> [WHAT IS NEEDED]
Starting at the line that contains "Daily parcel service", retype each line to the end of the listing below. Include both ends, but not the pictures.

> [INPUT DATA]
------------------------------------------------
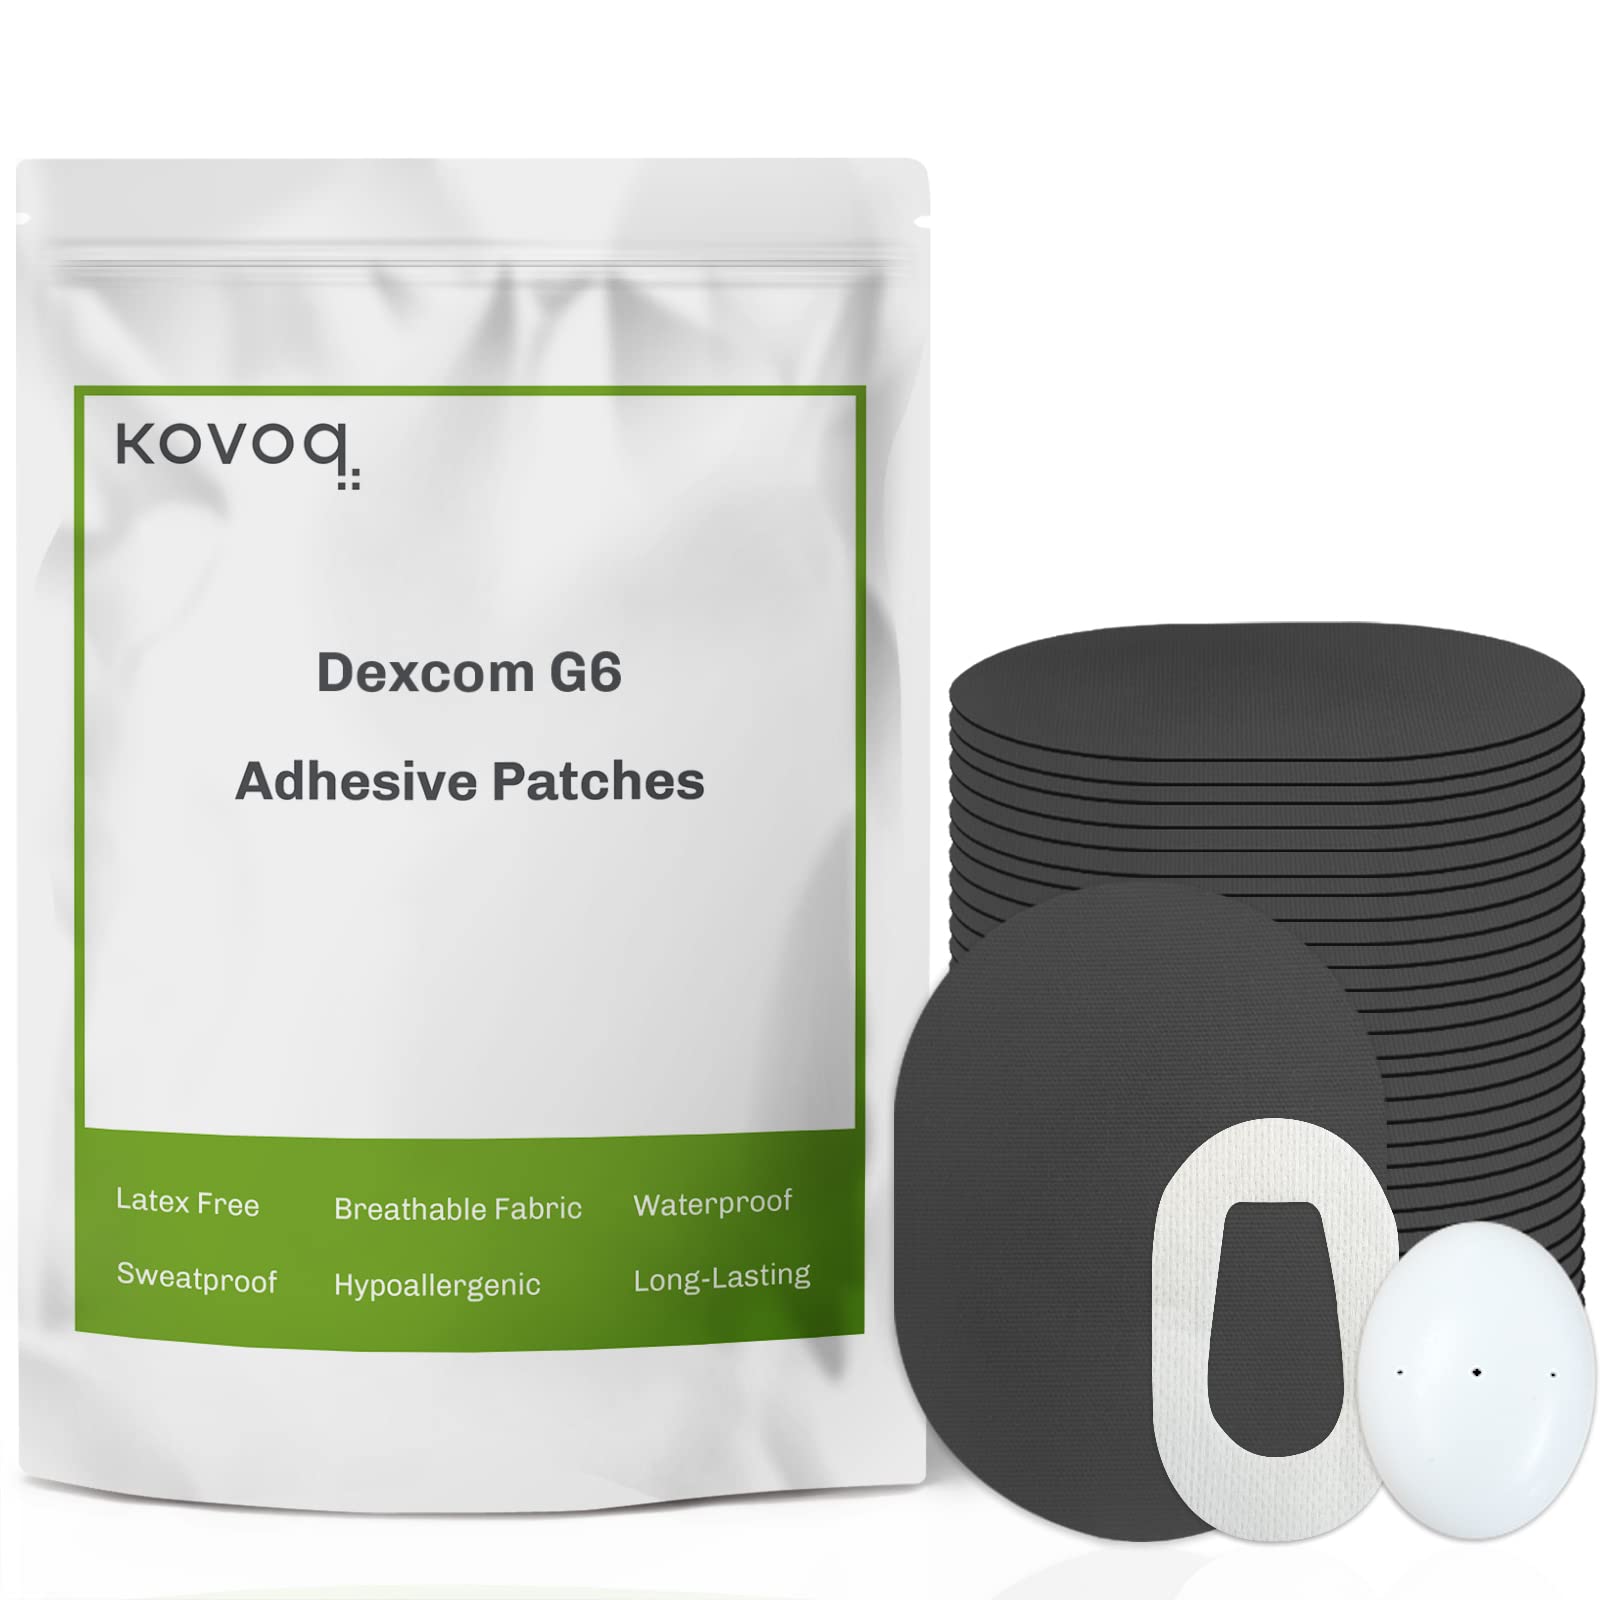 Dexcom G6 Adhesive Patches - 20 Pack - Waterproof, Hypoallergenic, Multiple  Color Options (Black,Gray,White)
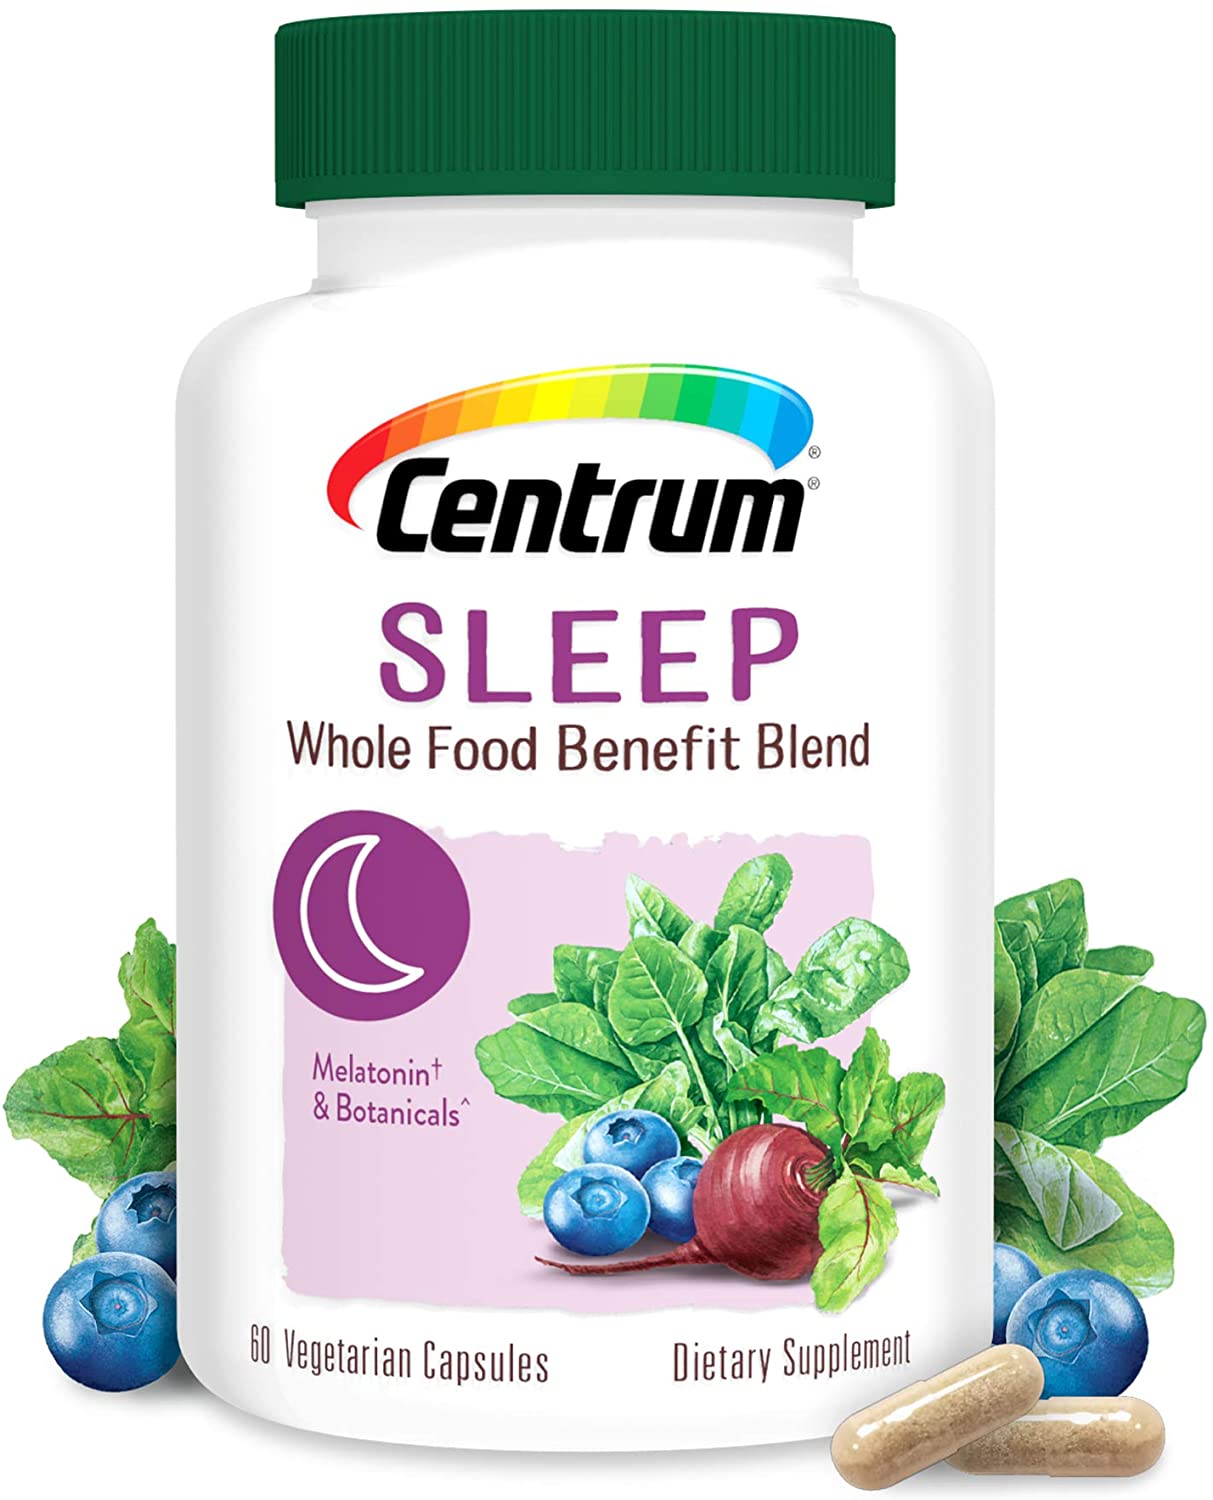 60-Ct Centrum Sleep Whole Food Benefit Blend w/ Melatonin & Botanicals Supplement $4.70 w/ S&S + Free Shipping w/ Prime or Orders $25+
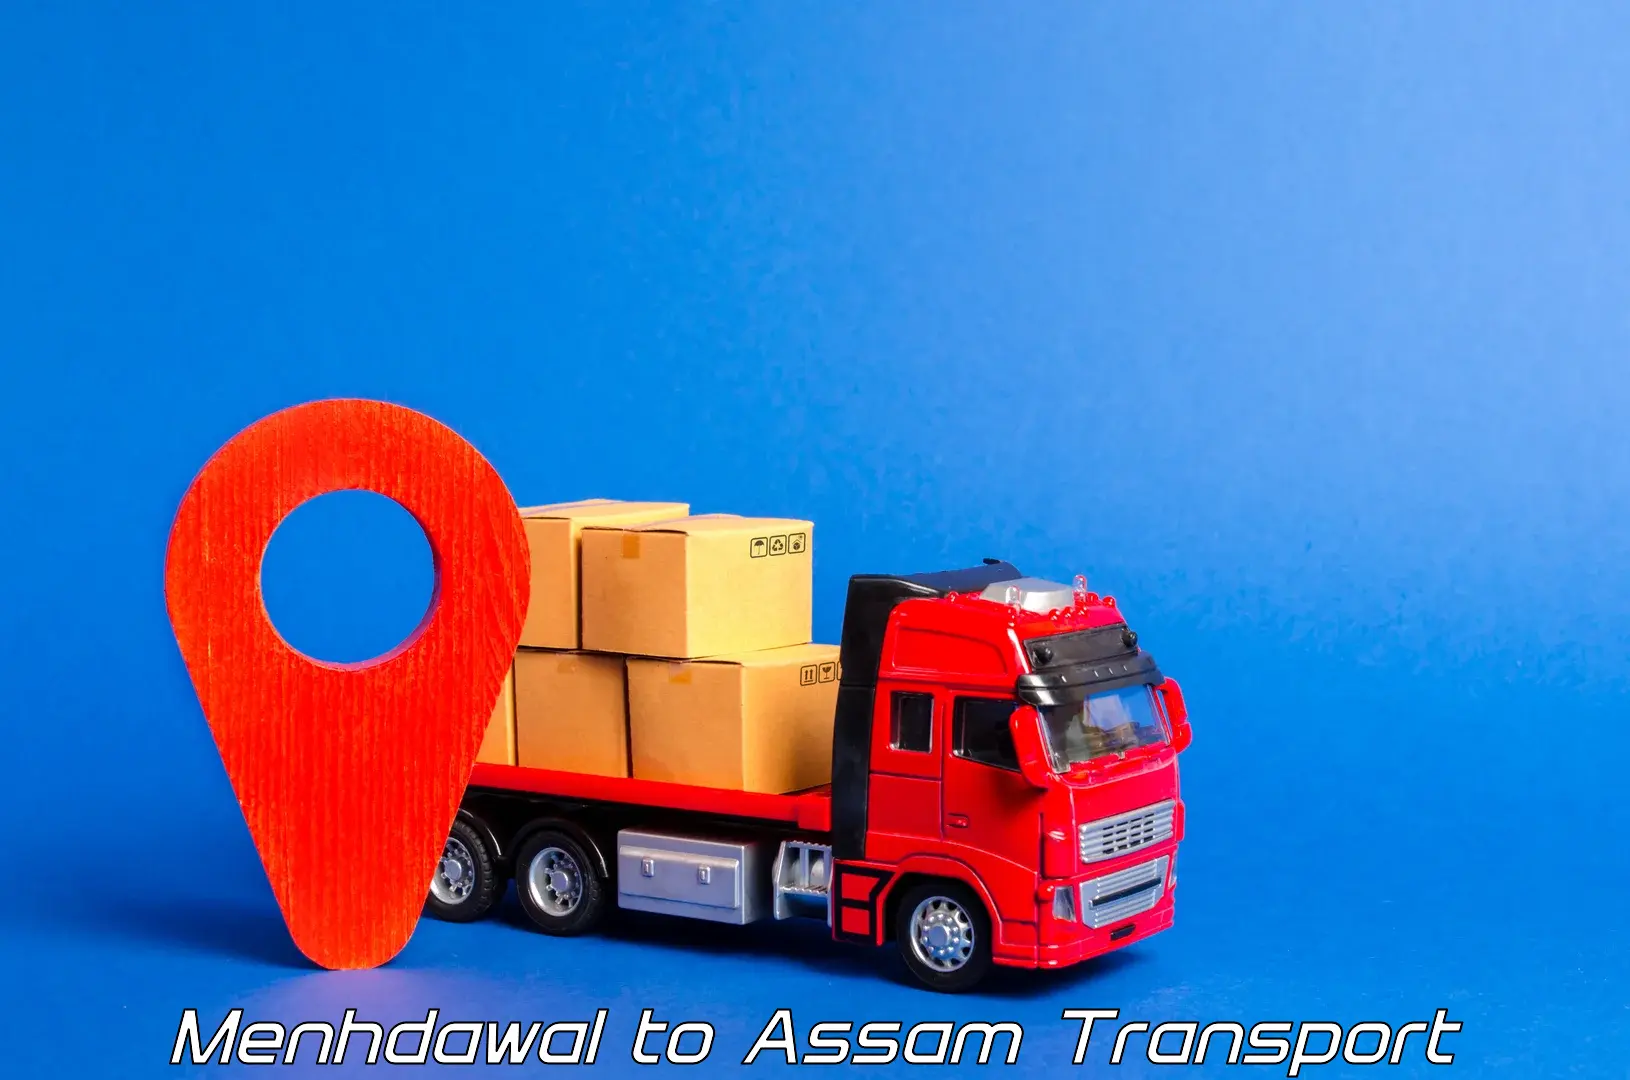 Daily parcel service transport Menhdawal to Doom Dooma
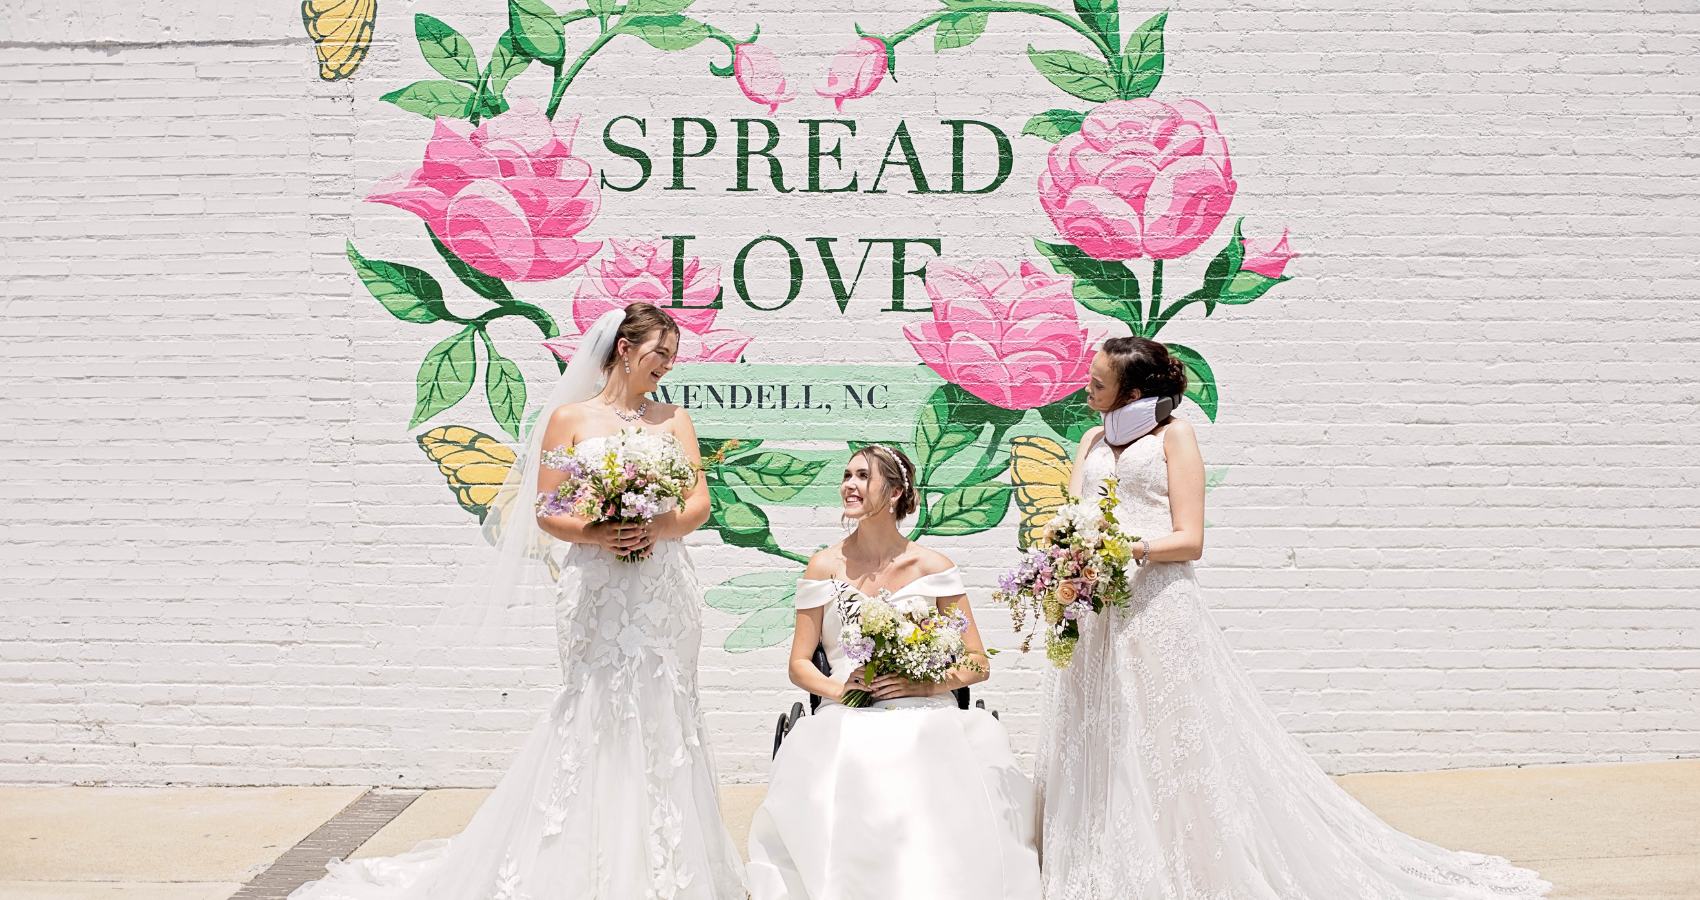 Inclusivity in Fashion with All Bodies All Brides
------------------------------------------------
> [ANSWER SECTION]
 Daily parcel service transport Menhdawal to Doom Dooma
 Inclusivity in Fashion with All Bodies All Brides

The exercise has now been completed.